Harnessing the power of the discharge summary
Case Management Insider, March 17, 2015
Studies consistently show that an effective and complete discharge summary, which contains the content required by the Joint Commission, can help patients and prevent readmissions. Effective and complete discharge summaries do this by giving the patient, caregivers, and post-acute care providers the tools they need to address and manage the patient’s care needs, and help to ensure patients get necessary follow-up care, says Glenn Krauss, RHIA, BBA, CCS, CCS-P, CPUR, CCDS, C-CDI, executive director of the Foundation for Physician Documentation Integrity.
The better care a patient gets after discharge, the less likely he or she is to wind up back in the hospital. That’s a big deal nowadays, because hospitals face financial penalties for excessive readmissions. Under Medicare's Readmission Reduction Program, hospitals can now be docked 3% of their base payment for all discharges for excessive readmissions for five conditions, including congestive heart failure, pneumonia, myocardial infarction, joint and knee replacements, and chronic obstructive pulmonary disease, Krauss says. The government is not alone—other payers are following suit. Commercial payers often won't reimburse readmission cases. Instead, the second admission is rolled into the first admission and treated as one patient encounter, he says.
When a readmission occurs, case managers may find themselves under scrutiny.
“Whenever readmissions do occur, the immediate reaction is often to question the effectiveness and appropriateness of the discharge plan and ask whether the case manager/discharge planner did his or her homework,” Krauss says.
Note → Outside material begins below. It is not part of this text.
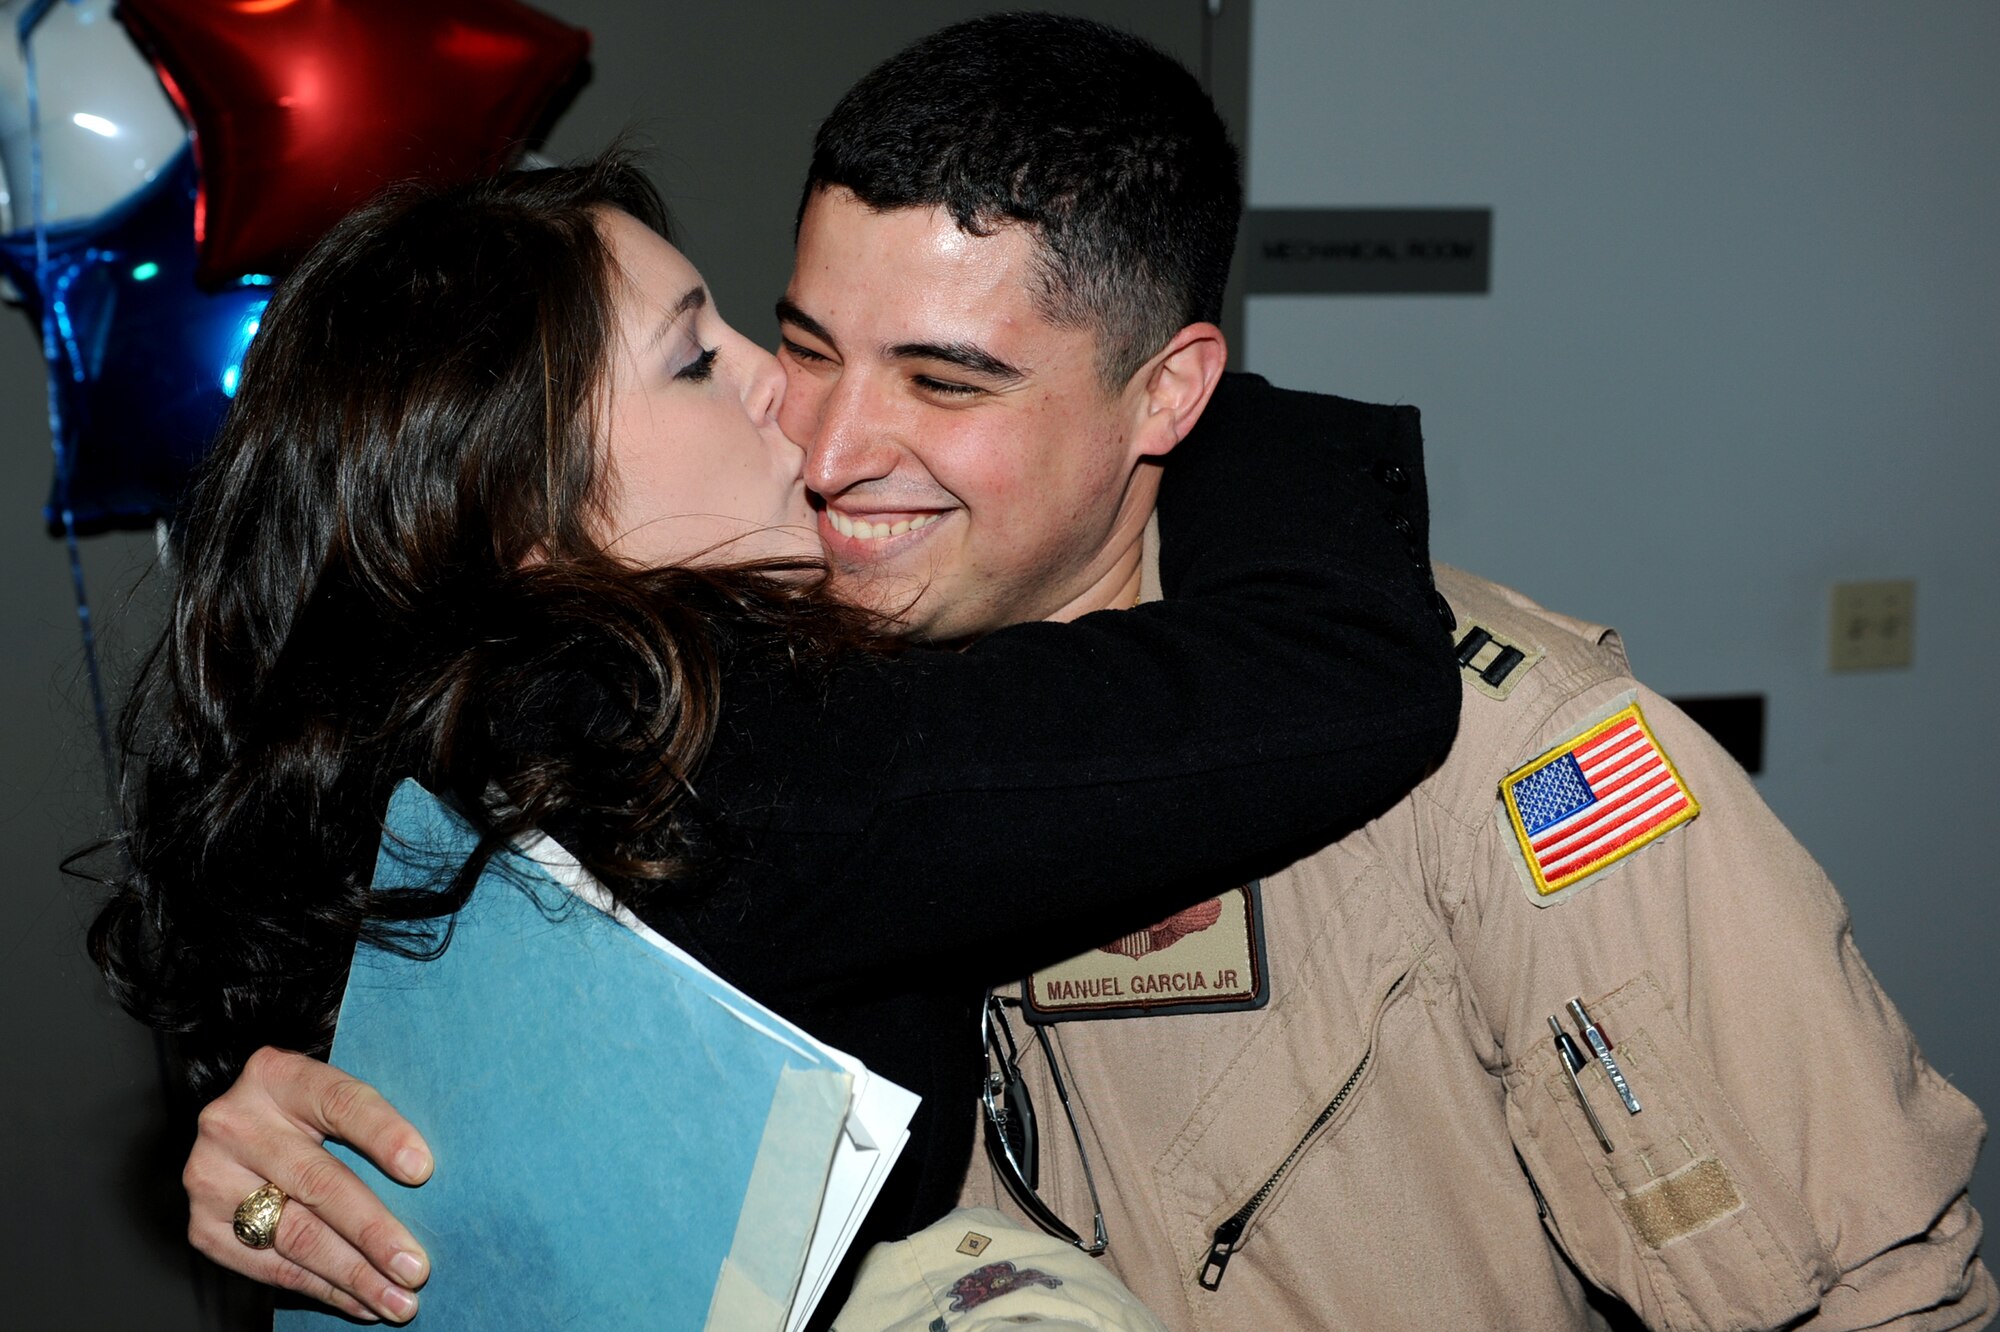 Capt. Manuel Garcia Jr, a 53rd Airlift Squadron pilot, is greeted Christmas Day by his friend, Leslie Mueller. The Airmen returned home Dec. 25 after a four-month deployment to Southwest Asia. Base members, friends and family turned out in force to welcome the Airmen home. (U.S. Air Force photo by Senior Airman Ethan Morgan)

Instead, what facilities should really be doings is looking at the discharge summary to gauge its quality, because often the discharge plan is only as good as the information used to create it.
Case management should work with the organization’s clinical documentation improvement specialists to make sure this content is complete and clear, to increase the effectiveness of the overall discharge plan, he says.
“Clinical documentation improvement (CDI) specialists, by definition and purpose, review the inpatient record for completeness, accuracy and specificity of diagnoses,” says Krauss. “Why not take advantage of their skill and mind set of clinical documentation improvement and encourage their active participation in affecting positive change in clinical documentation effectiveness and completeness in the discharge summary.”
Working together, case management and CDI can make improvements that help keep patients out of the hospital once they are discharged to the next level of care—which is a win for both the facility and the patient.